YOUR INSTRUCTIONS: Copy out all lines from the entries below in which "Diese" occurs.
═══ INPUT ═══
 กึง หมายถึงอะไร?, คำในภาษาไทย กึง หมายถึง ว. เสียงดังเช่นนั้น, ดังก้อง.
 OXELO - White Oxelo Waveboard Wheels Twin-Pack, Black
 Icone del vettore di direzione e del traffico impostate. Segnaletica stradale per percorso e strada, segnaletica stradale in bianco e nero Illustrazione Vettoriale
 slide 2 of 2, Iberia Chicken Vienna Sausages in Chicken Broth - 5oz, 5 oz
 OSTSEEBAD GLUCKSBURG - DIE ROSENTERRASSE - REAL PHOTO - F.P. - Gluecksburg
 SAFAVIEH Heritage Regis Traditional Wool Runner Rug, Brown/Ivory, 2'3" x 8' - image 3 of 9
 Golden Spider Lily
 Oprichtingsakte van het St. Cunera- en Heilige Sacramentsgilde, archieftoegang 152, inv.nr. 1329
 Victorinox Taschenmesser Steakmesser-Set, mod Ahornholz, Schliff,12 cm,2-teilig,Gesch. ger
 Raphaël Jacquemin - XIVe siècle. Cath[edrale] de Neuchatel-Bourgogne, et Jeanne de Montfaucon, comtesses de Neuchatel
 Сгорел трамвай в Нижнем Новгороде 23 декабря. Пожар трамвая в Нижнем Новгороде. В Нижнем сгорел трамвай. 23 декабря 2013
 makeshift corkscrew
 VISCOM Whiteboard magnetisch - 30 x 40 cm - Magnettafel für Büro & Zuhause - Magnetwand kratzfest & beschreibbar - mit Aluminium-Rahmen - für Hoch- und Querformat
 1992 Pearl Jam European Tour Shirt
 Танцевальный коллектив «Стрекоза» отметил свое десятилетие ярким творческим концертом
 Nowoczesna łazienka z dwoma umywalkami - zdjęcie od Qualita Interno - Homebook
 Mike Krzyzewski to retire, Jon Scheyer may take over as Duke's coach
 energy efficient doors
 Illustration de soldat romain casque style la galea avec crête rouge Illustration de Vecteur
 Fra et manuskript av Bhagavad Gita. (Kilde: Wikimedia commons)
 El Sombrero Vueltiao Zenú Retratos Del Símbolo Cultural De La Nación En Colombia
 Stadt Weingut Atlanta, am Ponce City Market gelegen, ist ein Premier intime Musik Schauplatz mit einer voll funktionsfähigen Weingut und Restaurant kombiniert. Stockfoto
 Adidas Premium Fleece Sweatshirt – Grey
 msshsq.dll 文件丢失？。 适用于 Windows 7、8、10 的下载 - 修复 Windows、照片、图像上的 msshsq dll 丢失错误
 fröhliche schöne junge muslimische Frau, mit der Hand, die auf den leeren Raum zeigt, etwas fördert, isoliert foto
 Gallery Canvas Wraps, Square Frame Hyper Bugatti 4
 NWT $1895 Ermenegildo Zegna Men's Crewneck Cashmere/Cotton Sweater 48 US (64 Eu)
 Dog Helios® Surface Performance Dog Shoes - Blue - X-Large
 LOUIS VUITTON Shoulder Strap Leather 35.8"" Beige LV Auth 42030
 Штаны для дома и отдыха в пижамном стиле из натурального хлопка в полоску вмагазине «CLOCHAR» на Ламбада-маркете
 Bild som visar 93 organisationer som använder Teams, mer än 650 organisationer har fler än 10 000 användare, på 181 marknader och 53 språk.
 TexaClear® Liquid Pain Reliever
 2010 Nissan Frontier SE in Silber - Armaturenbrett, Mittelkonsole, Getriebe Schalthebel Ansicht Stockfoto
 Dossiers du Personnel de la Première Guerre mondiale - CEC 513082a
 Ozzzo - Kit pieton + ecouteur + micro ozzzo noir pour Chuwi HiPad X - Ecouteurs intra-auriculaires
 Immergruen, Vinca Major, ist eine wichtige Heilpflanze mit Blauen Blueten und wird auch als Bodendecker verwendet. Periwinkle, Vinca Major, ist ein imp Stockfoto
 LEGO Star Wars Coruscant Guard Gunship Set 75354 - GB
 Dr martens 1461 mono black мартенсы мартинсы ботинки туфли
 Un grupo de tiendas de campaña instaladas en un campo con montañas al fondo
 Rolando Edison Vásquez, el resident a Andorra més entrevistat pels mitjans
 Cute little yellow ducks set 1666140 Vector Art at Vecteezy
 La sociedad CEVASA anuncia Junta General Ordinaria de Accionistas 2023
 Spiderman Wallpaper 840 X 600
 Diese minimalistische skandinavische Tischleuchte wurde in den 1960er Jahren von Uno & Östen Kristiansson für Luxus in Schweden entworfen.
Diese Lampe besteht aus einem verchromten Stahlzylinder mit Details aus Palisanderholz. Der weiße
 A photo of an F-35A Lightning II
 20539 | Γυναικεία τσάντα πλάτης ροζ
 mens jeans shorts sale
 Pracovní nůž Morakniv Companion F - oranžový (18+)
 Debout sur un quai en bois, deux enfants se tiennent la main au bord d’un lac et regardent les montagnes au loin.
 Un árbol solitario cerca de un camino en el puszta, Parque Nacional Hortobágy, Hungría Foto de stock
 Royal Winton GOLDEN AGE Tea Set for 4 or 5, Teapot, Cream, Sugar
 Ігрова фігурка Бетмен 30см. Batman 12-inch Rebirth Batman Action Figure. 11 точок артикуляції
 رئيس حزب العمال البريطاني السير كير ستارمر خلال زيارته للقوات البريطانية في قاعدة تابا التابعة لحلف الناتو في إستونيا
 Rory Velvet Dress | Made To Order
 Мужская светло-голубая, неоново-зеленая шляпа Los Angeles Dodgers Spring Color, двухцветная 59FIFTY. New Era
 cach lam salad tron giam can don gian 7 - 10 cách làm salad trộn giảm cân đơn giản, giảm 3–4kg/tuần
═══
WRITTEN ANSWER:
 Diese minimalistische skandinavische Tischleuchte wurde in den 1960er Jahren von Uno & Östen Kristiansson für Luxus in Schweden entworfen.
Diese Lampe besteht aus einem verchromten Stahlzylinder mit Details aus Palisanderholz. Der weiße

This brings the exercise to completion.